The model weights will be the same across the machines & cpu, so the problem would just be the multiplication and sum operation for [1.0, 2] @ weights. Any suggestions here?

system info:

System:
  Kernel: 5.17.15-1-MANJARO arch: x86_64 bits: 64 compiler: gcc v: 12.1.0
    parameters: BOOT_IMAGE=/boot/vmlinuz-5.17-x86_64
    root=UUID=17a57bc5-4569-4d1b-8454-2c7d491f058c rw quiet apparmor=1
    security=apparmor udev.log_priority=3 snd_hda_intel.power_save=0
    button.lid_init_state=open
  Desktop: Xfce v: 4.16.0 tk: Gtk v: 3.24.29
    info: vala-panel, xfce4-panel, plank wm: xfwm v: 4.16.1 vt: 7 dm: LightDM
    v: 1.30.0 Distro: Manjaro Linux base: Arch Linux
Machine:
  Type: Laptop System: Razer product: Blade 15 (2022) - RZ09-0421 v: 8.04
    serial: <superuser required> Chassis: type: 10 serial: <superuser required>
  Mobo: Razer model: CH580 v: 4 serial: <superuser required> UEFI: Razer
    v: 1.09 date: 02/22/2022
Battery:
  ID-1: BAT0 charge: 80.3 Wh (100.0%) condition: 80.3/80.2 Wh (100.1%)
    volts: 17.5 min: 15.4 model: Razer Blade type: Unknown serial: <filter>
    status: full
  ID-2: hidpp_battery_0 charge: 76% condition: N/A volts: 4.0 min: N/A
    model: Logitech G903 LIGHTSPEED Wireless Gaming Mouse w/ HERO type: N/A
    serial: <filter> status: discharging
CPU:
  Info: model: 12th Gen Intel Core i7-12800H bits: 64 type: MST AMCP
    arch: Alder Lake gen: core 12 built: 2021 process: Intel 7 (10nm ESF)

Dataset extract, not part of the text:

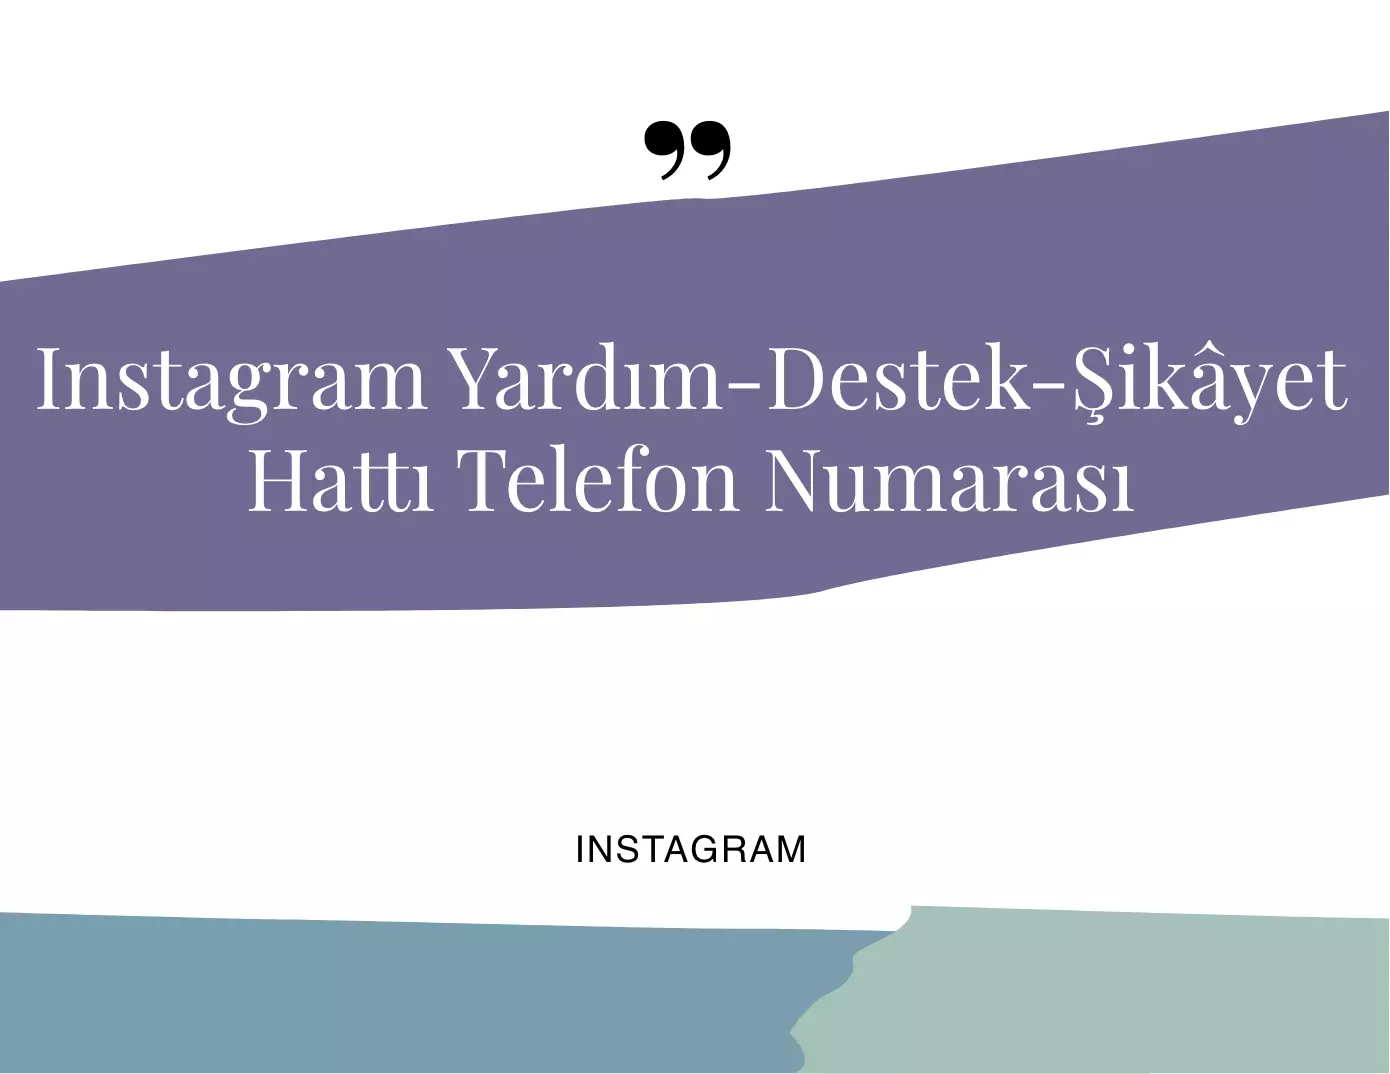 Instagram Destek - Şikayet Hattı Telefon Numarası

    family: 6 model-id: 0x9A (154) stepping: 3 microcode: 0x41C
  Topology: cpus: 1x cores: 14 mt: 6 tpc: 2 st: 8 threads: 20 smt: enabled
    cache: L1: 1.2 MiB desc: d-8x32 KiB, 6x48 KiB; i-6x32 KiB, 8x64 KiB
    L2: 11.5 MiB desc: 6x1.2 MiB, 2x2 MiB L3: 24 MiB desc: 1x24 MiB
  Speed (MHz): avg: 1266 high: 2170 min/max: 400/2400:1800 scaling:
    driver: intel_pstate governor: powersave cores: 1: 1816 2: 636 3: 1062
    4: 694 5: 915 6: 999 7: 2170 8: 1999 9: 1253 10: 808 11: 1861 12: 1974
    13: 1793 14: 1640 15: 1088 16: 979 17: 1069 18: 509 19: 1106 20: 959
    bogomips: 112160
  Flags: avx avx2 ht lm nx pae sse sse2 sse3 sse4_1 sse4_2 ssse3 vmx
  Vulnerabilities:
  Type: itlb_multihit status: Not affected
  Type: l1tf status: Not affected
  Type: mds status: Not affected
  Type: meltdown status: Not affected
  Type: mmio_stale_data status: Not affected
  Type: spec_store_bypass
    mitigation: Speculative Store Bypass disabled via prctl
  Type: spectre_v1
    mitigation: usercopy/swapgs barriers and __user pointer sanitization
  Type: spectre_v2 mitigation: Enhanced IBRS, IBPB: conditional, RSB filling
  Type: srbds status: Not affected
  Type: tsx_async_abort status: Not affected
Graphics:
  Device-1: Intel Alder Lake-P Integrated Graphics vendor: Razer USA
    driver: i915 v: kernel arch: Gen12.2 process: Intel 10nm built: 2021-22+
    ports: active: eDP-1 empty: none bus-ID: 00:02.0 chip-ID: 8086:46a6
    class-ID: 0300
  Device-2: NVIDIA GA103M [GeForce RTX 3080 Ti Laptop GPU] vendor: Razer USA
    driver: nvidia v: 515.48.07 alternate: nouveau,nvidia_drm non-free: 515.xx+
    status: current (as of 2022-06) arch: Ampere process: TSMC n7 (7nm)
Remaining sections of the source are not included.